Lo scorso 24 Giugno, il Governo ha emanato il Decreto Legge n.91 contenente alcune misure per ridurre la bolletta energetica delle PMI e promuovere la crescita economica in Italia. Tra queste, il famigerato spalma–incentivi del solare fotovoltaico, di cui parlammo già due mesi fa su questo blog (mi si perdoni l’autocitazione):

La misura più corposa e interessante è certamente quella sul solare fotovoltaico, che ne rinegozia retroattivamente i generosissimi incentivi accumulati fin qui tramite cinque Conti Energia (oggi stiamo a 6.6 miliardi di euro all’anno): “Si propone di allungare obbligatoriamente il periodo di incentivazione da 20 a 25 anni senza riconoscere alcun tasso di interesse, gettito previsto (700-900 M€)”. Non è difficile prevedere le contenute ire dei sostenitori delle rinnovabili loro malgrado per una misura che, va detto, fa a pezzi lo stato di diritto, sacrificato sull’altare dell’insostenibilità economica di incentivi dissennatamente allocati e concessi per anni.

Il Governo italiano ha dichiarato la sua disponibilità a negoziare le richieste delle associazioni nel periodo di 60 giorni per la conversione in legge del decreto. Richieste puntualmente arrivate, alcune davvero pungenti:

L’ultimo intervento arriva addirittura dall’Ambasciata britannica, che nei giorni scorsi ha scritto al Senato per chiedere di modificare la norma: “Qualora le misure proposte venissero ratificate nella loro forma attuale, ritengo che diventerebbe più difficile assolvere ad uno dei nostri obiettivi principali: convincere investitori esteri ad investire in progetti infrastrutturali e di sviluppo in Italia”, scrive l’ambasciatore.

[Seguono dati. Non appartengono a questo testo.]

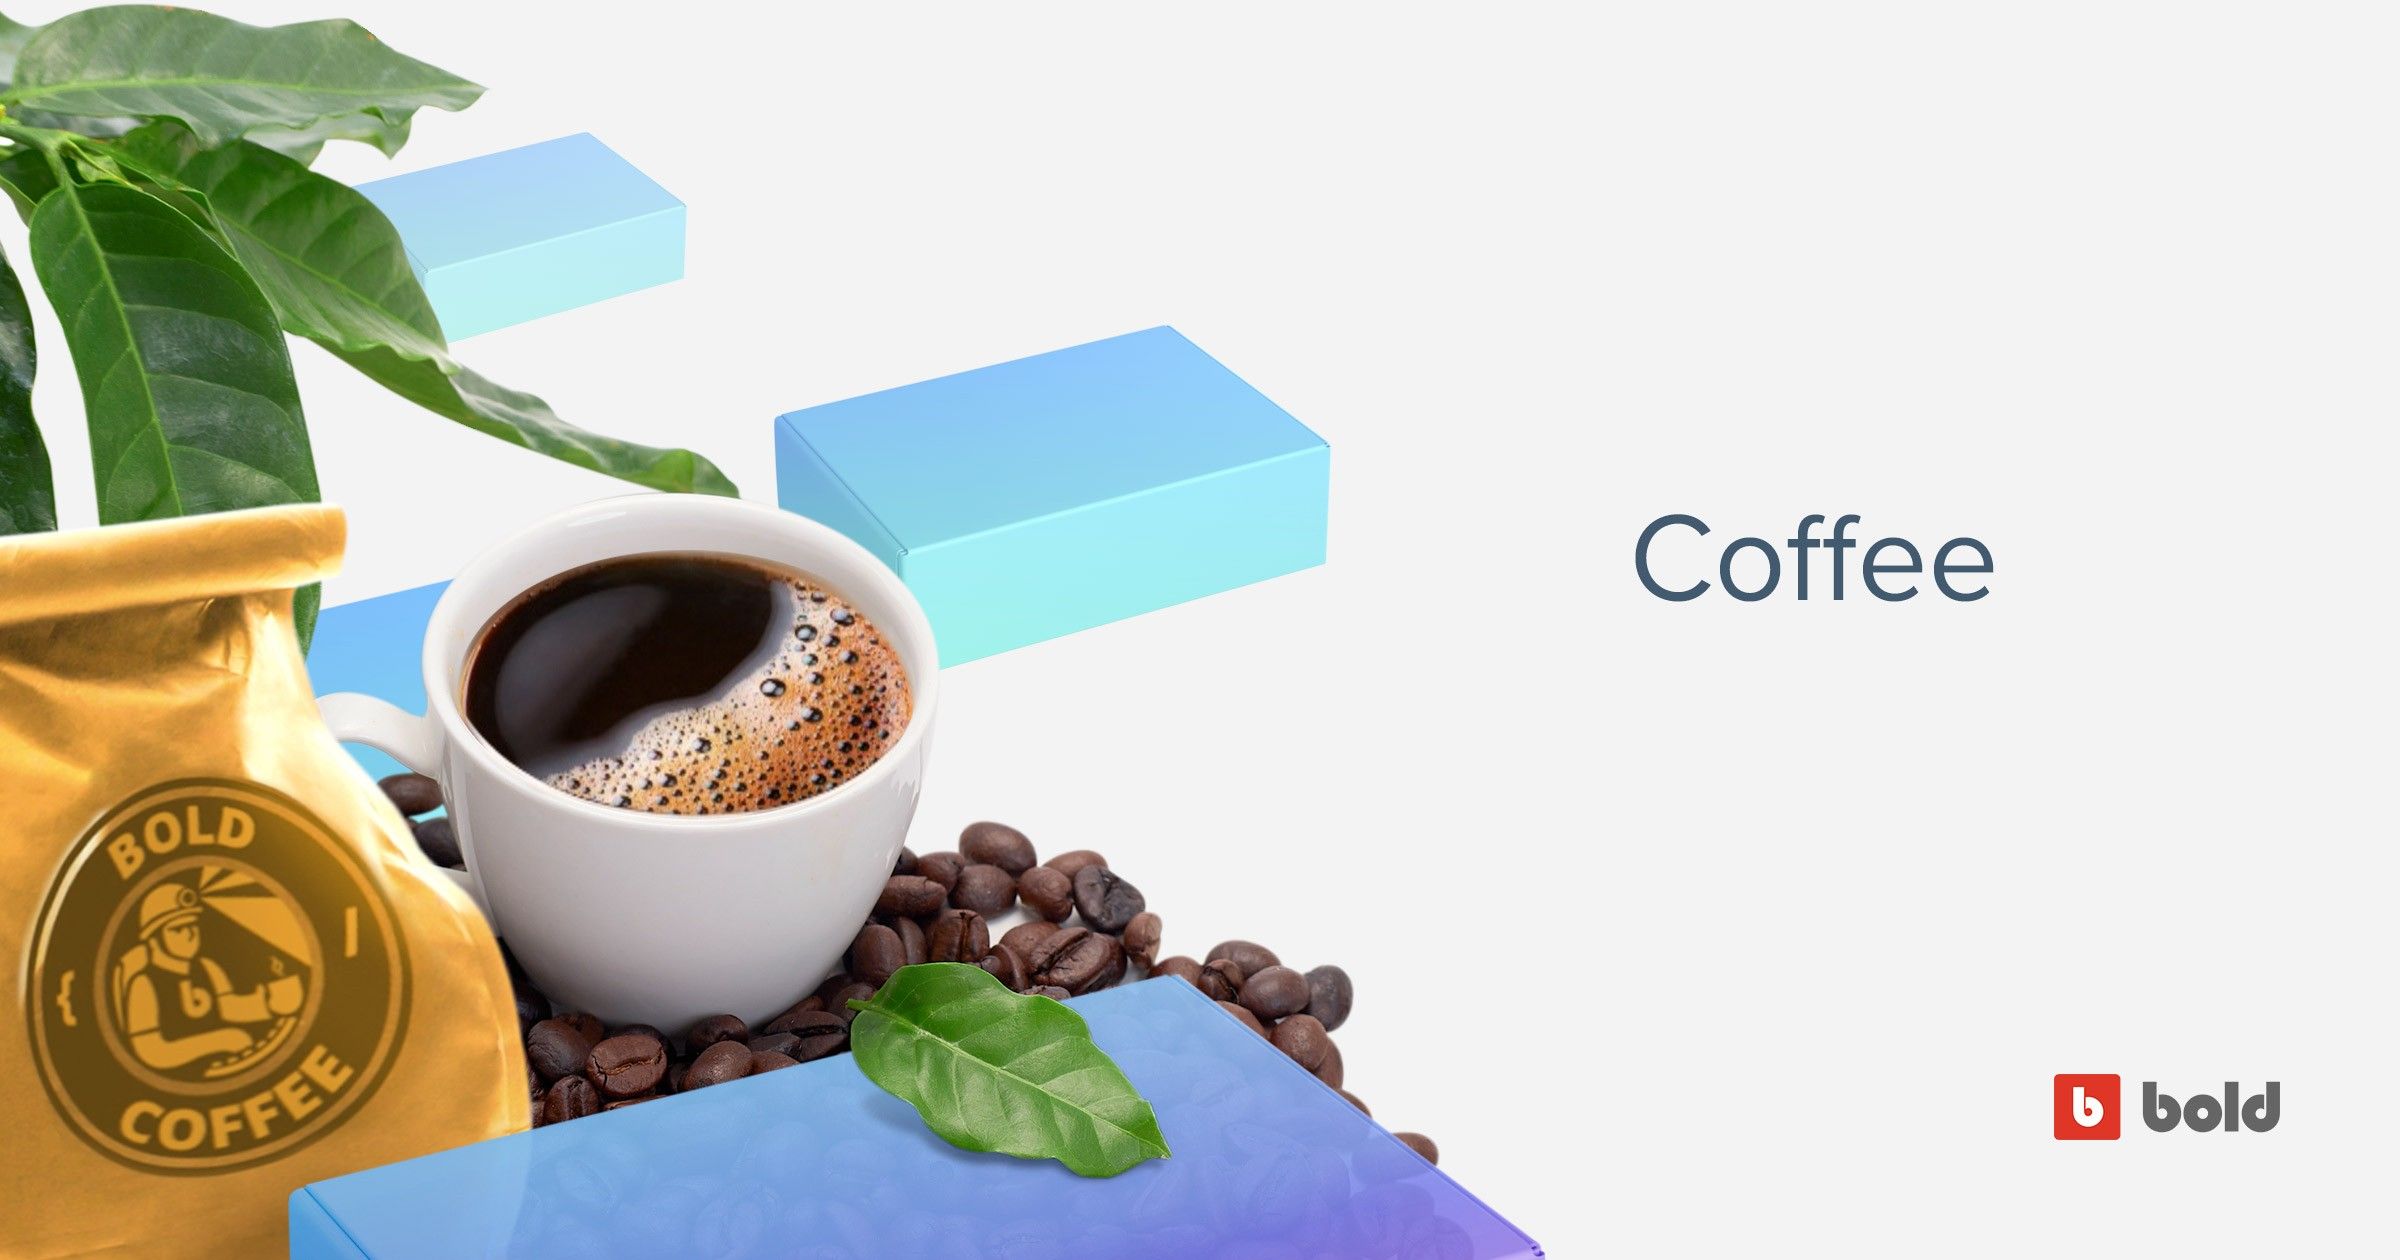 "Coffee" banner with a bag of beans, a cup of coffee, green leaves, and blue rectangles

Quest’ultima tenetela buona, nel caso qualcuno chiedesse chi sono i maggiori beneficiari dei 6.6 miliardi di incentivi al fotovoltaico pagati ogni anno dal Governo italiano.

Arcivernici fotovoltaiche

Il mio articolo per Il Post (con mille ringraziamenti a Sesto Rasi)

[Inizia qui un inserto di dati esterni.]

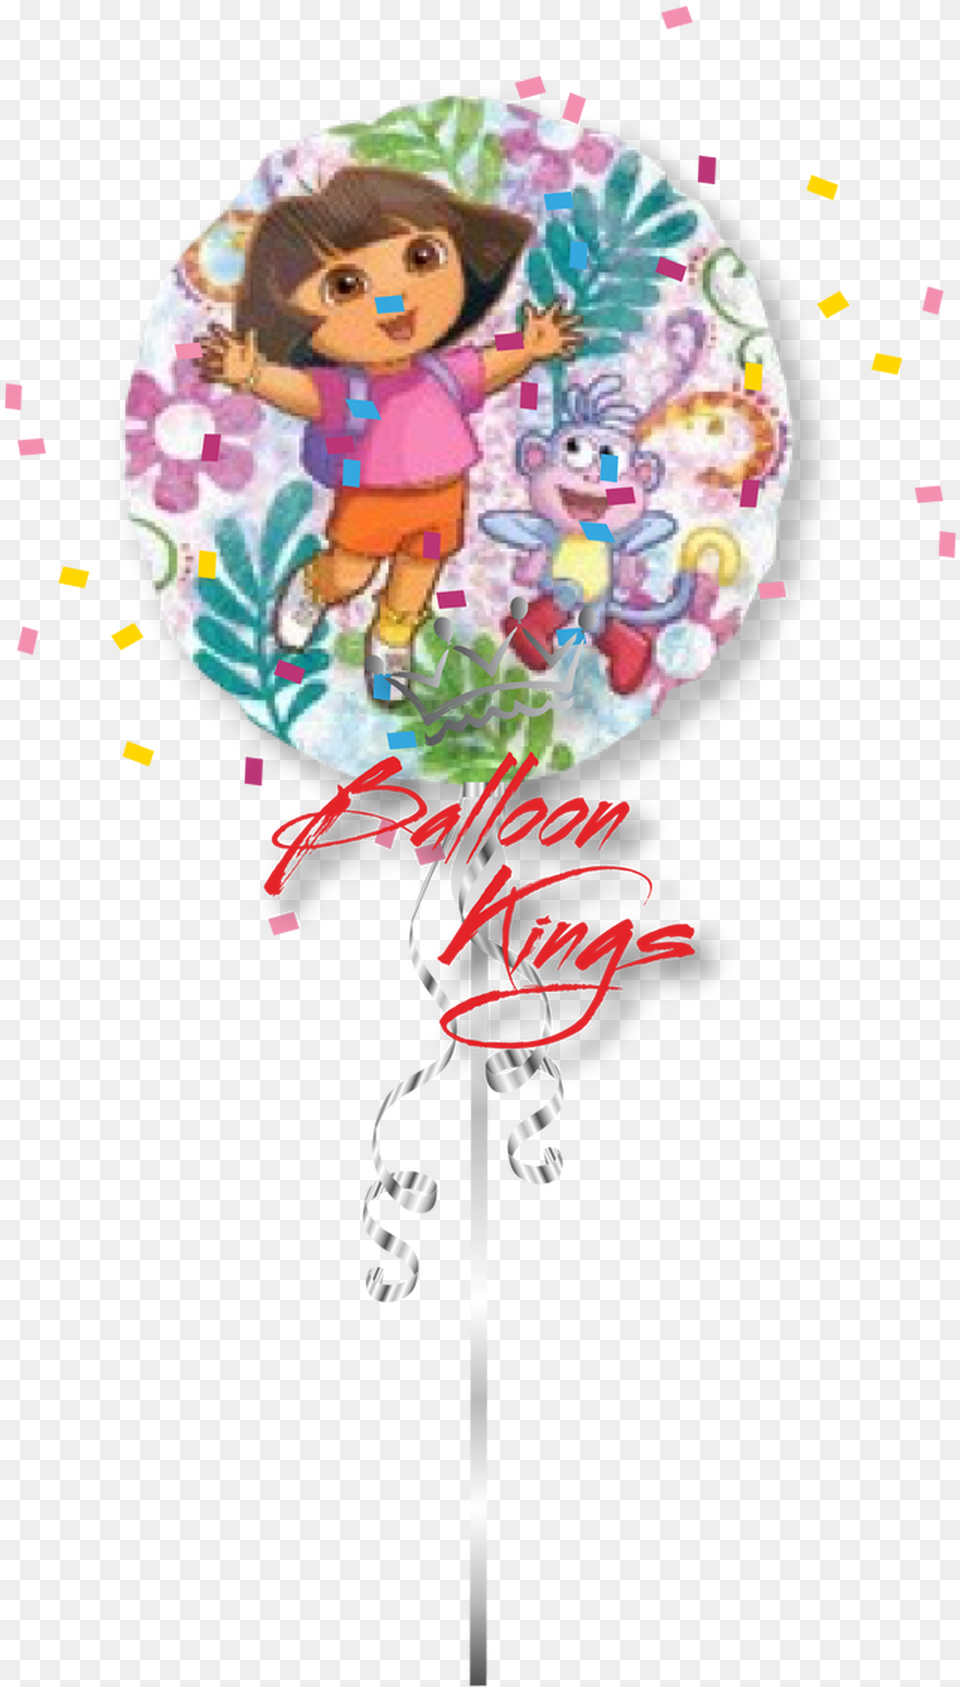 Dora The Explorer Illustration, Food, Sweets, Baby, Candy Png Image

Qualche anno fa, per favorire gli investimenti in energie rinnovabili si decise di sussidiare l’installazione di pannelli solari. Per far presto furono concessi incentivi che oggi, a pannelli installati, si traducono in una rendita di circa 11 miliardi di euro l’anno. [..] Oggi l’energia solare si può catturare semplicemente usando una pittura sul tetto, con costi e impatto ambientale molto minori. Ma i nostri pannelli rimarranno lì per vent’anni e nessuno si è chiesto quanto costerà e che effetti ambientali produrrà la loro eliminazione.

Così esordisce l’editoriale di F. Giavazzi e A. Alesina su Il Corriere della Sera che, pochi giorni fa, ha scatenato reazioni più o meno contenute in molti ambientalisti e operatori del settore fotovoltaico. Nell’editoriale del Corriere, gli incentivi al fotovoltaico vengono citati come il modo sbagliato di fare innovazione. Sul banco degli imputati, in piena campagna elettorale, il PD e Monti, rei di promuovere una “politica industriale dirigista” a colpi di investimenti pubblici a scapito del libero mercato. La tesi dei due economisti è che è pura illusione attendersi che lo Stato e la politica siano in grado di individuare i settori e le imprese che avranno successo – “vi immaginate quattro funzionari dell’Iri in un garage che si inventano Apple?” – e il pesante fardello degli incentivi statali concessi al fotovoltaico, la cui industria italiana è oggi boccheggiante, ne sarebbe la dimostrazione plastica.

Ora, l’immagine dei funzionari Iri chiusi in un garage a inventare qualcosa è certamente spassosa, ma l’editoriale del Corriere è traboccante di inesattezze e categorizzazioni tranchant al limite dell’ingenuo. Stupisce sia firmato dai due noti economisti di Harvard e della Bocconi, pur in campagna elettorale. Ma andiamo con ordine.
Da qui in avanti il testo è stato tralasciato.